* Your assignment *
Transcribe the lines below exactly. No image belongs in the transcription.
::: Data
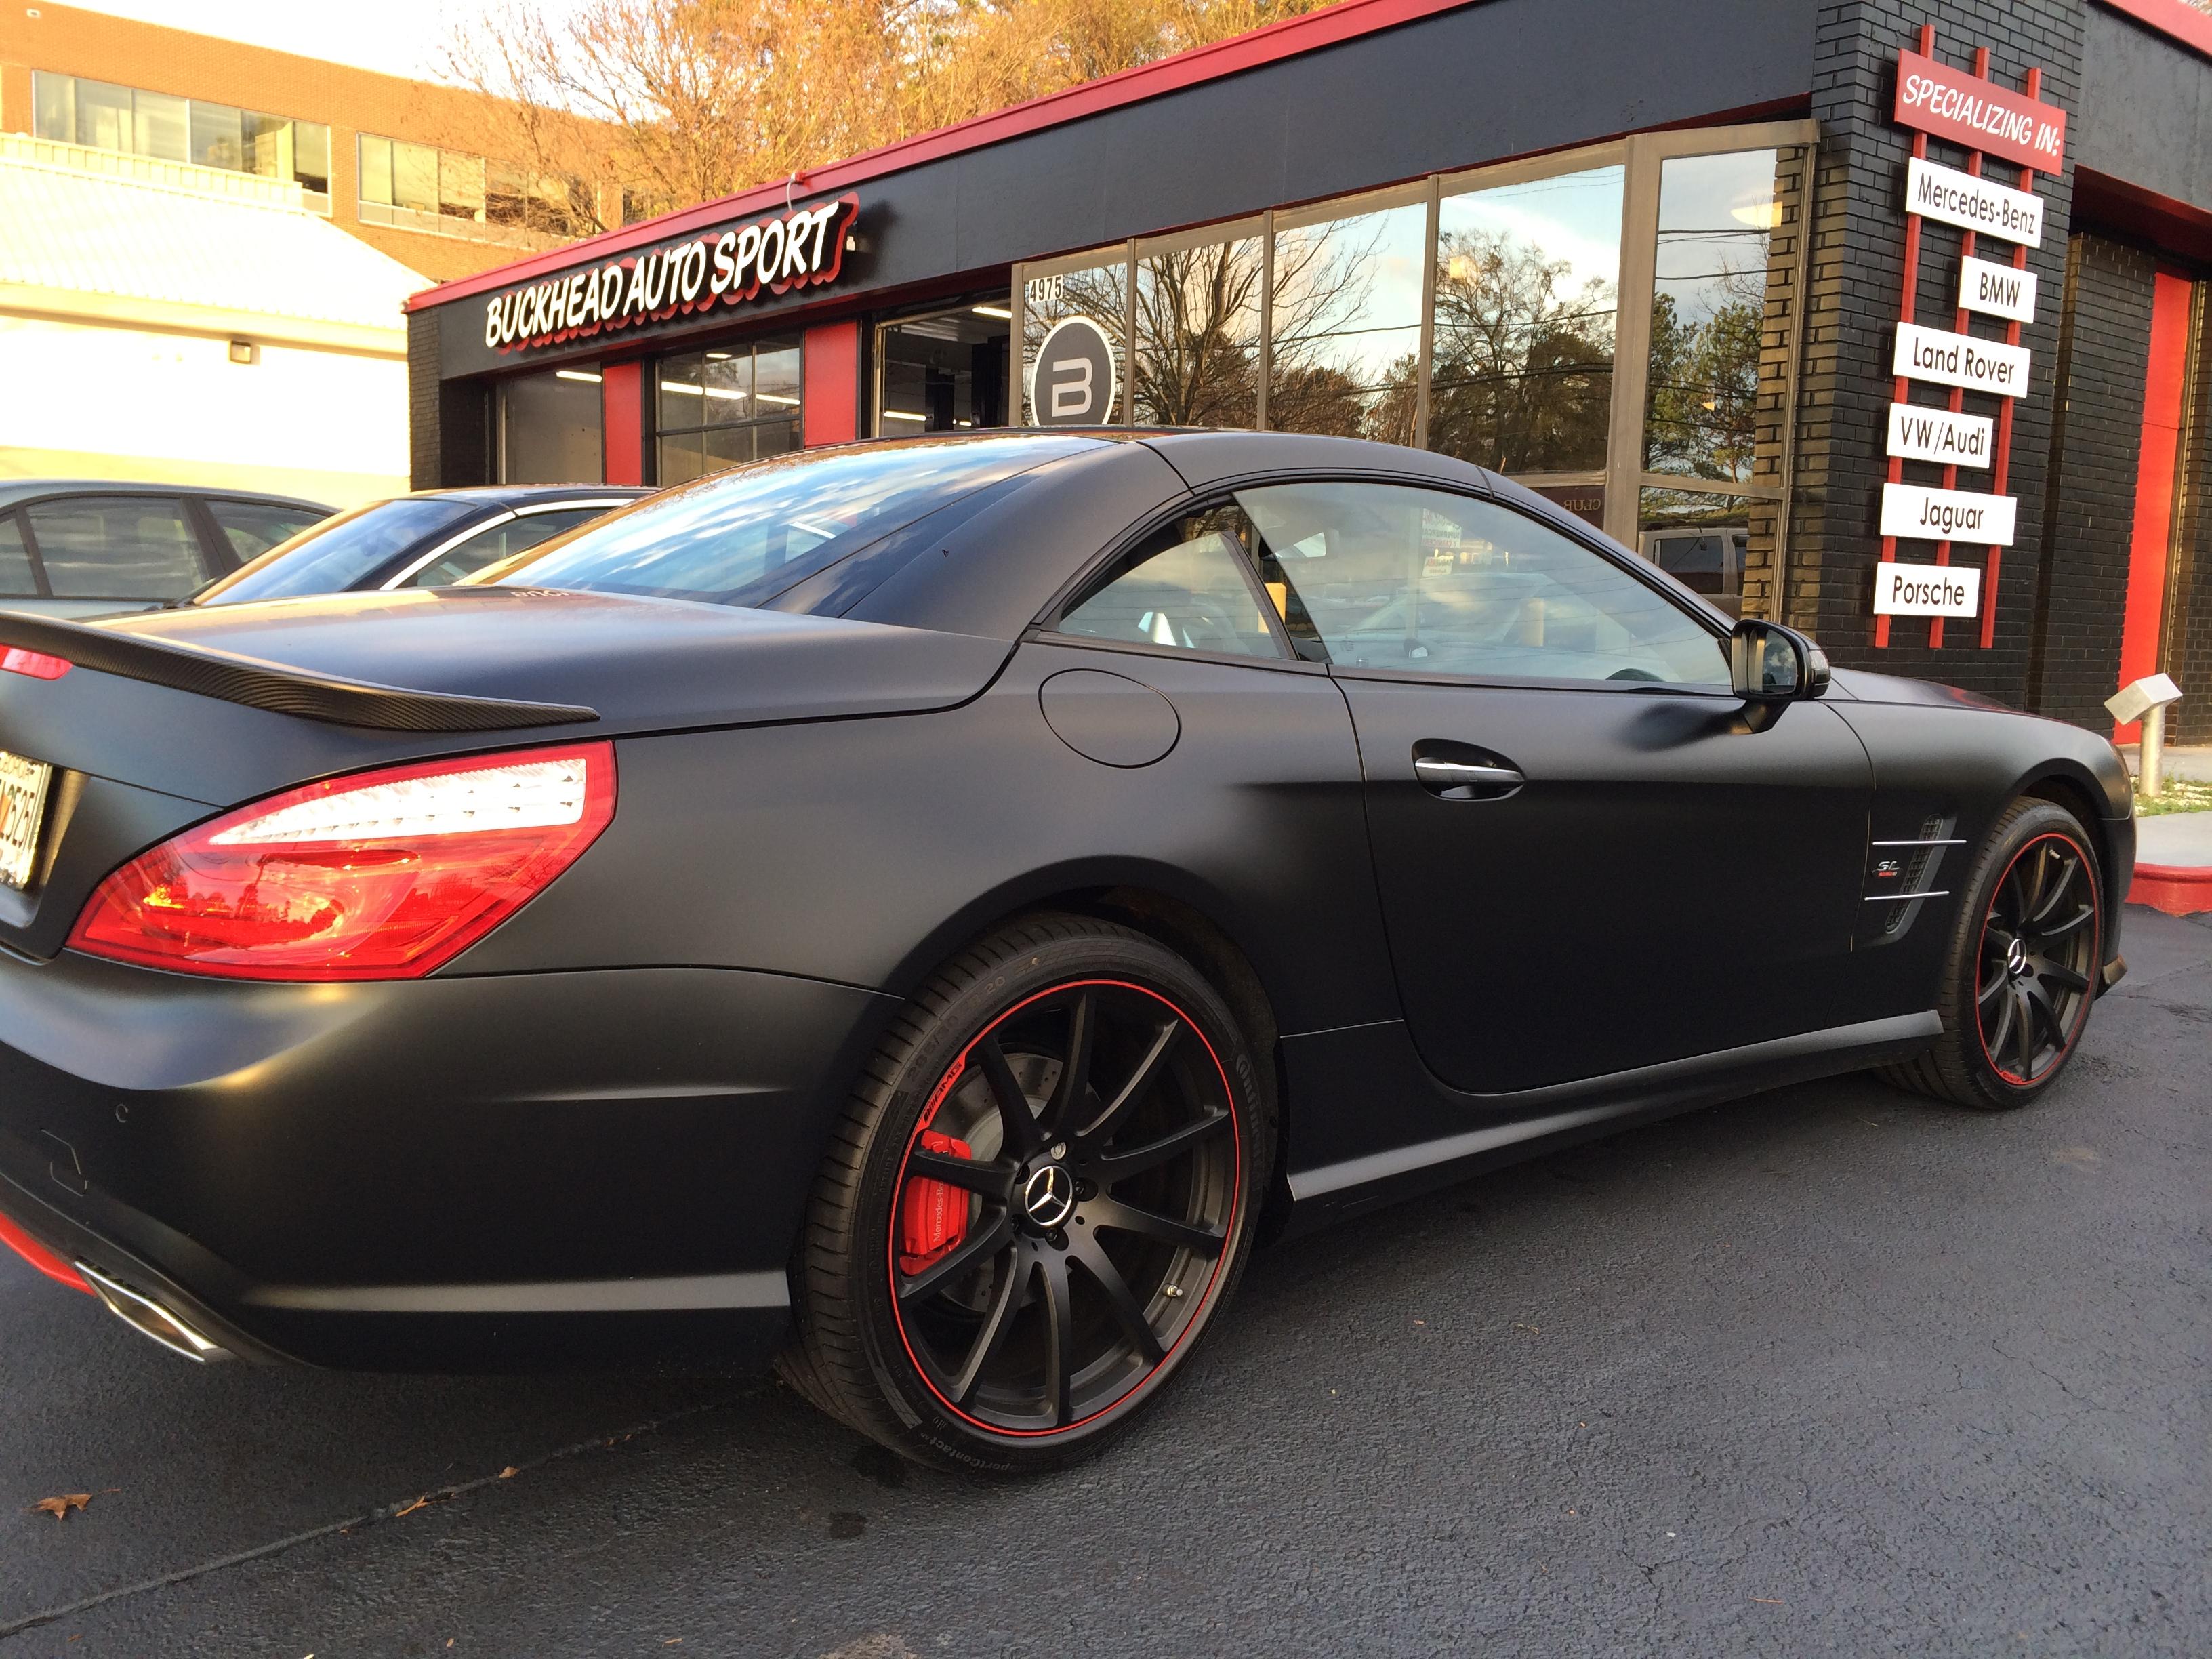 Stephen adams buckhead auto sport atlanta ga for Mercedes benz buckhead service
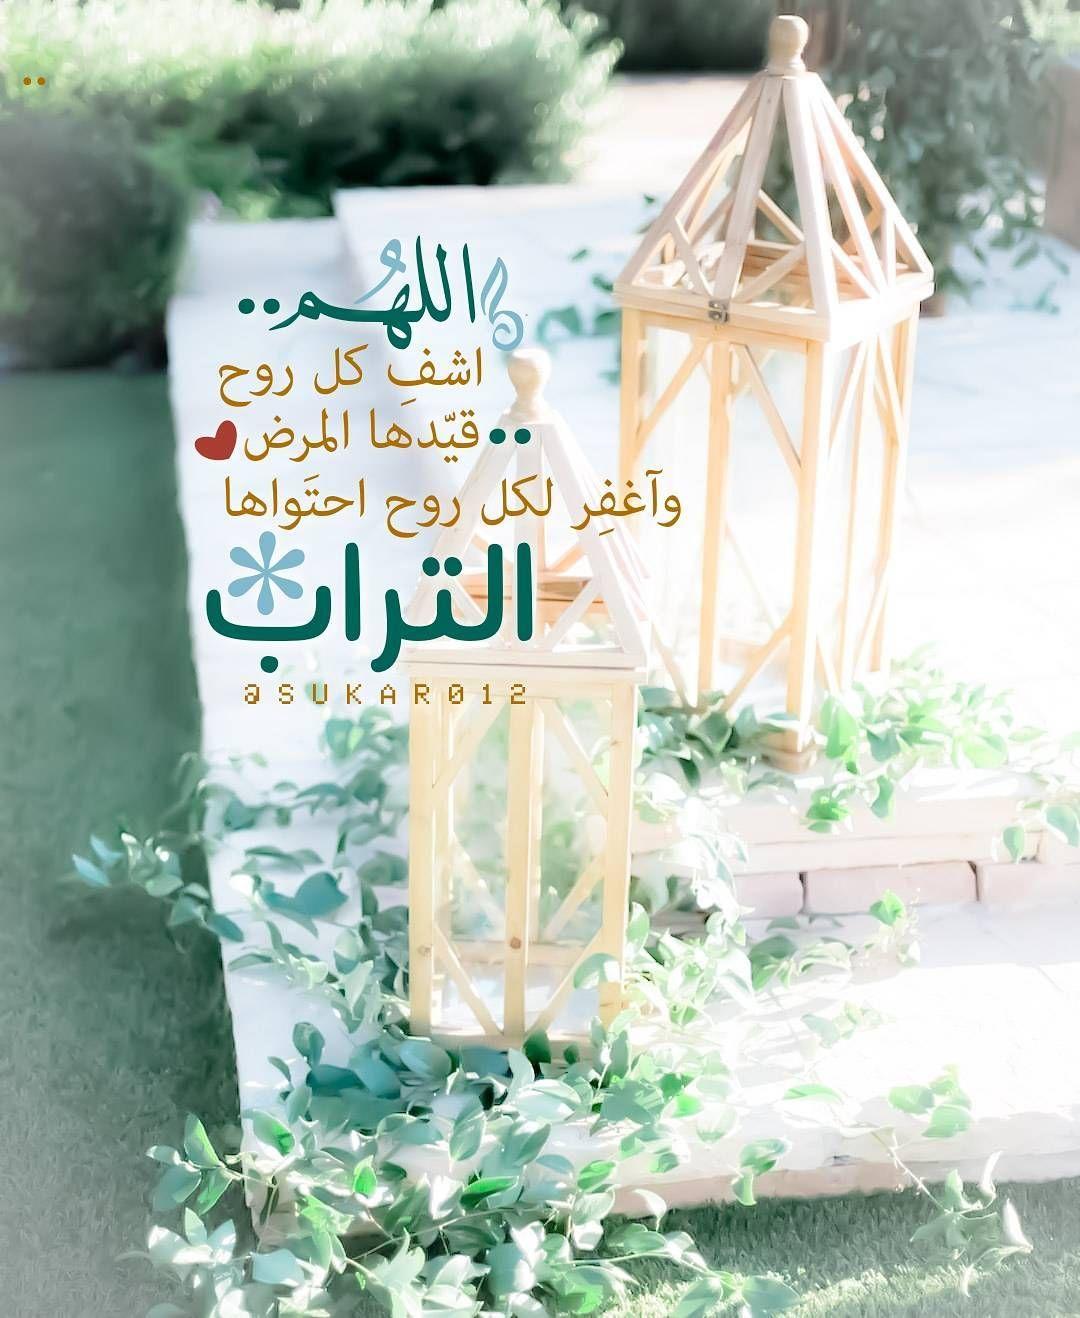 اللهم اشف كل روح قيدها المرض واغفر لكل روح احتواها التراب Words Of Wisdom Quotes Islamic Pictures Quran Verses
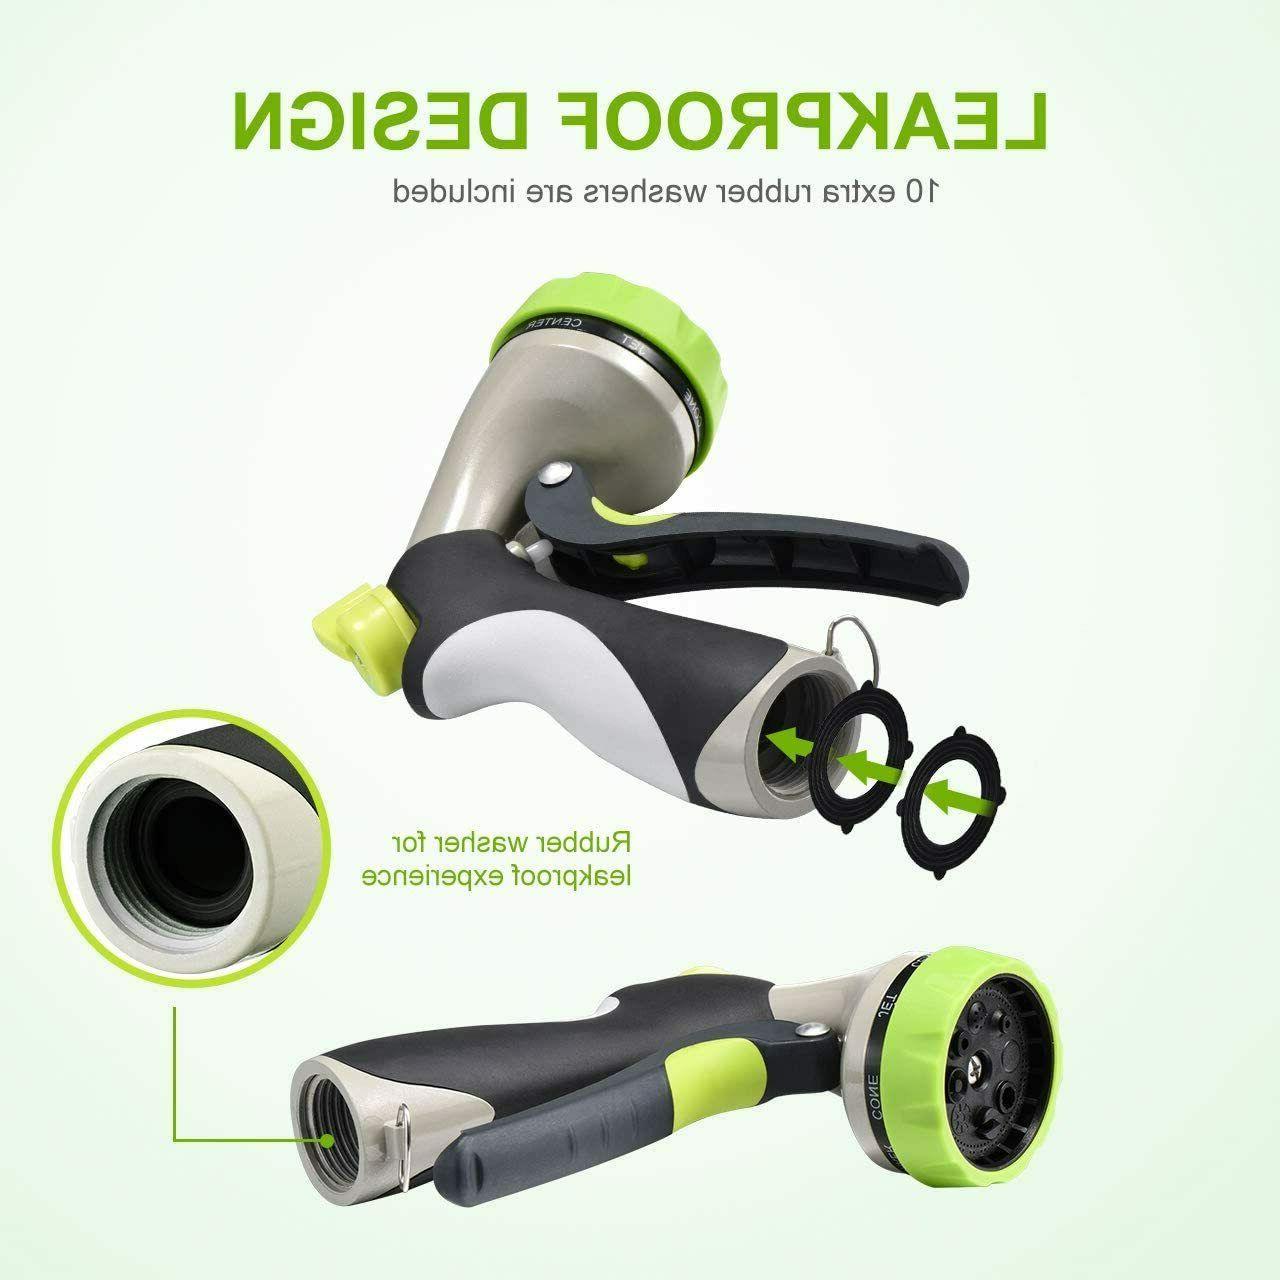 Spray Nozzle for Garden Hose, 8 Spayer, Press Hose
::::::
* Result *
 Stephen adams buckhead auto sport atlanta ga for Mercedes benz buckhead service
 اللهم اشف كل روح قيدها المرض واغفر لكل روح احتواها التراب Words Of Wisdom Quotes Islamic Pictures Quran Verses
 Spray Nozzle for Garden Hose, 8 Spayer, Press Hose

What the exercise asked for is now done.